Using the standard stellar library to connect with stellar is secure and transparent enough. What the wallet does is encrypts and protects your account keys (which are what give you control over your accounts). It does this using `scrypt`(https://www.npmjs.com/package/scrypt) for PKDF and sodium (https://www.npmjs.com/package/tweetnacl) for the actual encryption. Having access to the code should show you that there are no backdoors built in, no information being sent across to any third-parties, and so on. This is what people care about when protecting their accounts.

Your second question is also very insightful. Creating accounts is at the heart of Stellar. You cannot start performing any transactions on the network without first creating an account. And, in order to create the account, it needs to be be funded. This is why the wallet allows you to create (and fund) a new account on the network. You can read more about it here: https://www.stellar.org/developers/guides/get-started/create...

1 comments

    Using the standard stellar library to connect
    with stellar is secure and transparent enough
How would one know that there are no backdoors or bugs in the library?
There could be bugs, of course, but the library is open source and developed by the Stellar network team.

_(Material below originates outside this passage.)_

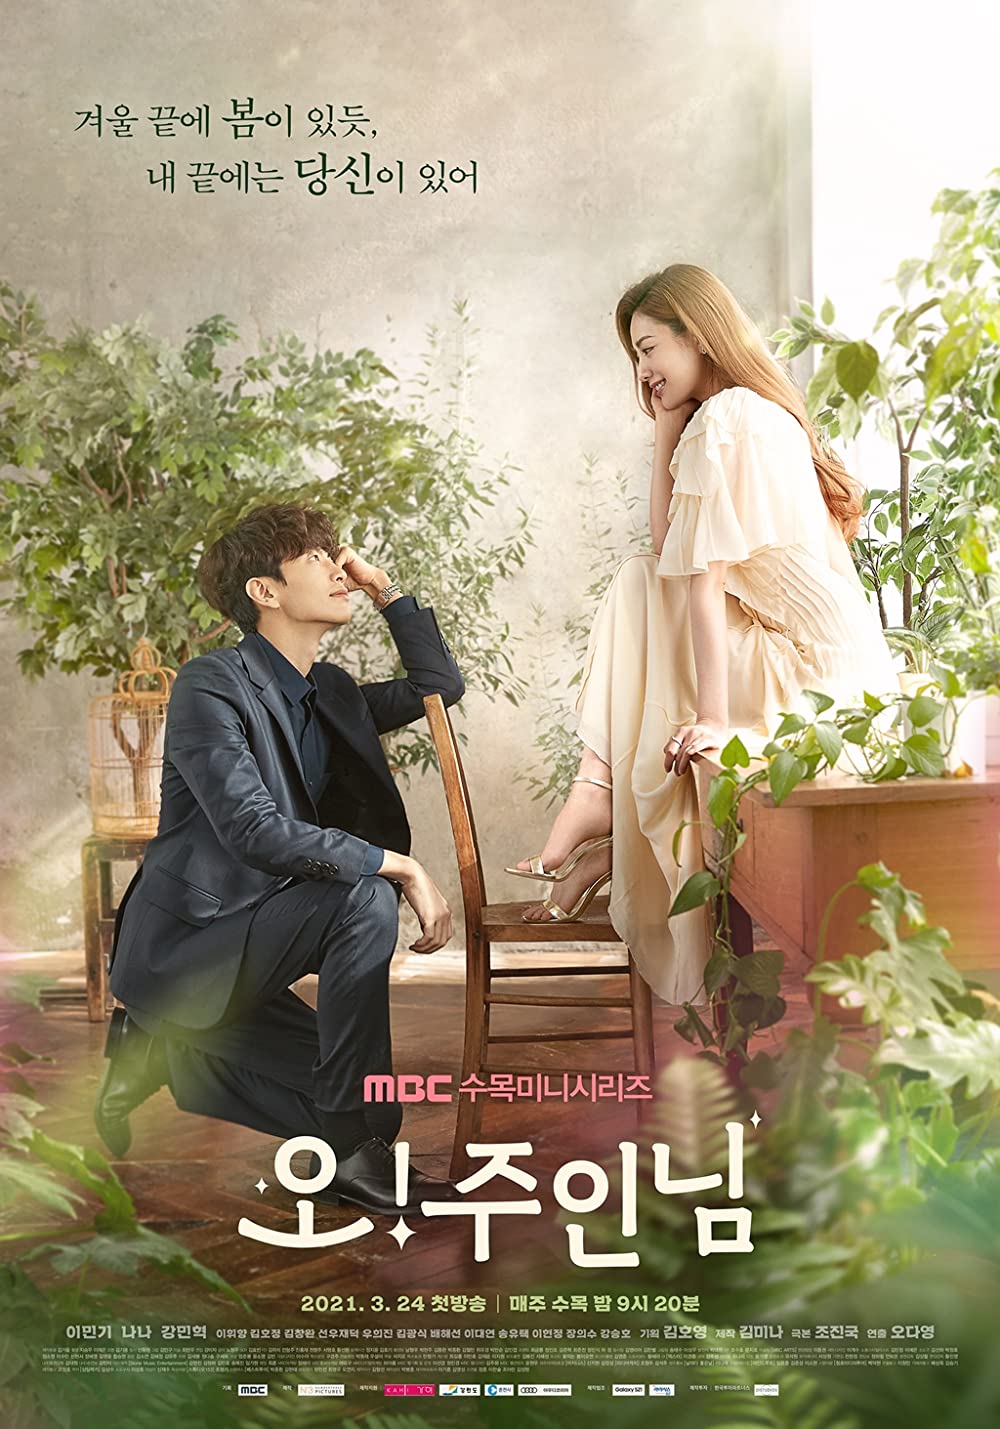 11 Daftar drama Korea romantis yang bikin baper, Snowdrop manis banget

Of course you are right in a sense - the core team also should not be blindly trusted. But, because your account is managed by the wallet and stays local to your machine, there is nothing much the library _can_ do IMHO.

    there is nothing much the library _can_ do IMHO
It's code that runs on your machine. What would prevent it to do whatever it wants? Like sending your private keys somewhere? Or using a weak form of crypto to create them so that somebody can guess them?
That's an excellent point. The only place the library has access to the private keys are during account creation and message signing. Perhaps I should implement both directly in the wallet so it's visible and clear to everyone.